This has been a rough week, and I wasn’t able to admit that to myself until Thursday afternoon when things finally got a lot sunnier. Compared to last week, which featured death and stress and an emotional breakdown, this one was all sunshine and roses, but I kept feeling like it was just one thing after another. And, when you’re already feeling borderline overwhelmed and emotionally drained, every tiny little thing feels like it could be the straw that breaks it all.
But, then, I got out of class yesterday and it was sunny and I felt good and with my break before work, I went grocery shopping and ran some errands and did I mention it was sunny? I had to text my dad and say, “It’s taken four years, but California has officially won me over.” Screw the stupid rain, which I have always claimed to love. I’ll take sunshine. Really, the thing is that rain is nice when you can sit by a window and read and it’s dramatically less nice when walking home from work, your flats get flooded with rain water and your jeans soaked up to the knees.

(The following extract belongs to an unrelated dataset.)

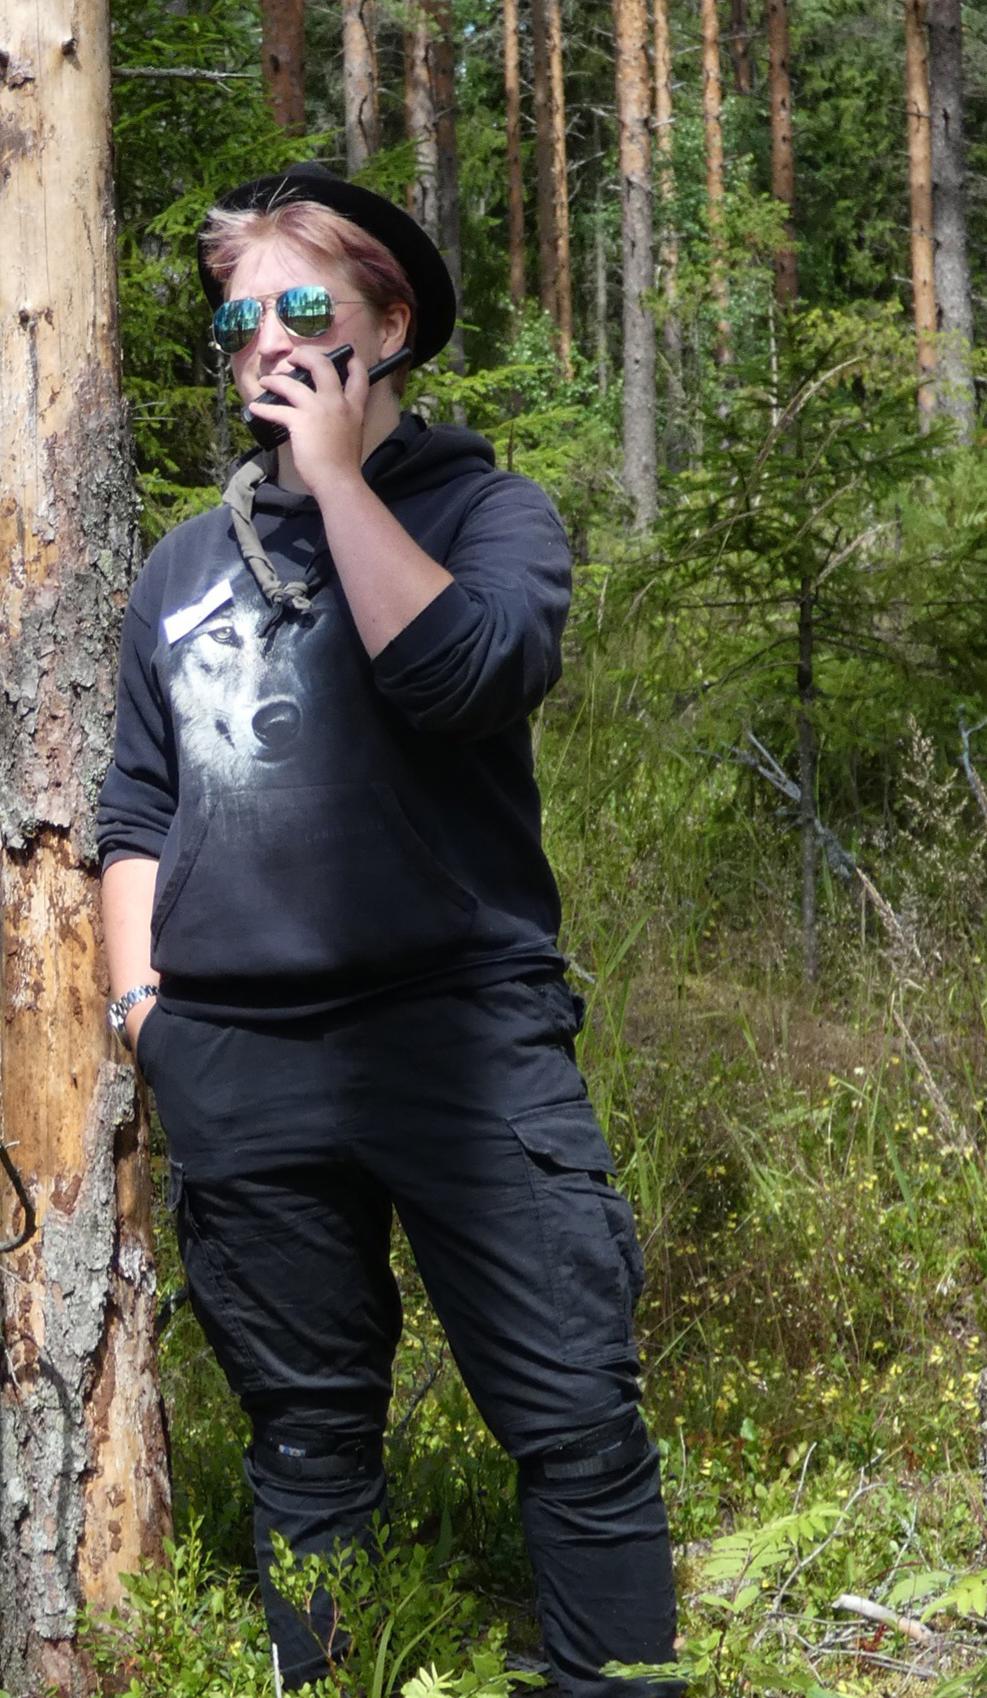 tummiin pukeutunut nainen nojaa puuhun ja puhuu radiopuhelimeen, taustalla metsää.

I know I’ve said this twelve times by now, but you might have noticed I regularly repeat things as if they are sudden realizations, because they somehow seem new to me. It’s just that, I don’t understand my new miraculous ability to survive on so little sleep. Five hours a night is about the max I get between Monday and Friday. My dad is a workaholic who has gone decades on that little sleep, but then about a year ago we were talking on the phone and he said, “You know, it’s the craziest thing. Lately I’ve been sleeping 8 hours a night and I feel so much better.” Of course, I was like, “I could have told you that twenty years ago,” but I get it now. You do start to feel super human. Above sleep. But, really what you’re doing is falling more and more in love with sleep than you ever have been before. And, I do notice that though I feel great throughout the day, whenever I so much as lean my head against a chair, I’m suddenly so exhausted I could lay down in the middle of the library and fall asleep. I actually fantasize about that. I picture myself curling up in the corner of a classroom and wonder if I could fall asleep there. Really, though, it hasn’t been that bad. It has, however, made me even more terrified of having kids. Sleep deprivation is a good way to break someone and I hear the little ones are good at that.
It happened to me again yesterday that I didn’t realize how focused and concentrated I was on the things that had to be done right now! until suddenly they were mostly done and I could finally see beyond the end of my own nose again. I felt guilty, because I have been meaning to call my dad for weeks now (more than just texts and emails), but I can never seem to find a free moment, so I keep thinking, I’ll do that over the weekend when I’m actually at home, but then I forget or still have no time. And the same scenario plays out with just about everyone in my life. I’m the kind of weird person who forgets how much she likes and needs people. When I’m finally not distracted, it feels nice to just talk to people: coworkers, classmates, family, friends. Something in the region of my heart actually feels lifted.
So, things are looking up and I’m so excited to drink some wine or beer and write and maybe spend some time outside and call my dad (and my mom). Waiting for me at the end of the next two challenging weeks is a Spring Break trip to Arizona and I can’t wait. The plans have been set to drink by the pool, which in the last two stress-filled years has become my favorite thing to do. Lisa and I have also been planning a number of exciting events that will probably end up mashed into one, because after years of joking about it, we actually are pretty busy and important (okay, less so important) these days. But, there are Rob Pattinson movies to suffer through and Casper moments to reminisce over and a very special 10 year anniversary that I will have to blog about as it approaches. Priorities, you know!

{ 6 comments… read them below or add one }
1) I have been MIA from commenting on your blog, I have been reading though!
2) I feel the same way. I’m always exhausted from school, interning and work and I always mean to do simple tasks but am too tired or forget when I have free time on the weekend. I NEVER seem to have enough time. Recently I’ve been wondering if life will always be like this. I really hope not
I’m not sure whether I could survive on 5 hours of sleep. Maybe 6, definitely 7, but I think I just turn into McGrumpster on 5. I commend you for those skills!!
I can identify with this lifestyle a little too much.
But, as time seems to be freeing up, another good thing in your future is me installing software on your computer! (I haven’t forgotten)
When you can, savor slowing down and breathing. It’s really refreshing.
The dark circles under my eyes get darker everyday. Last night though I went to bed at 10:30, which is hours before a night where I have to go to work the next day. I hate not having enough time too, it’s suffocating and then you look back on your week to remember what you did and it all seems so unimportant.
I’ve been reading your blog for a while now, just getting around to commenting.
The football coach at the college I went to, tried to train himself to go without sleep. I think he was only sleeping like 2 or 3 hours a night so that he could work more. I love sleep too much to be able to do that.
Sleep does wonders for the soul. I can run on 4 or 5 hours of sleep during the week but I absolutely love to catch up on sleep during the weekend. I am glad that Cali has won you over. And that you have some fun plans coming up in the next few weeks to focus on while making it through the next two weeks.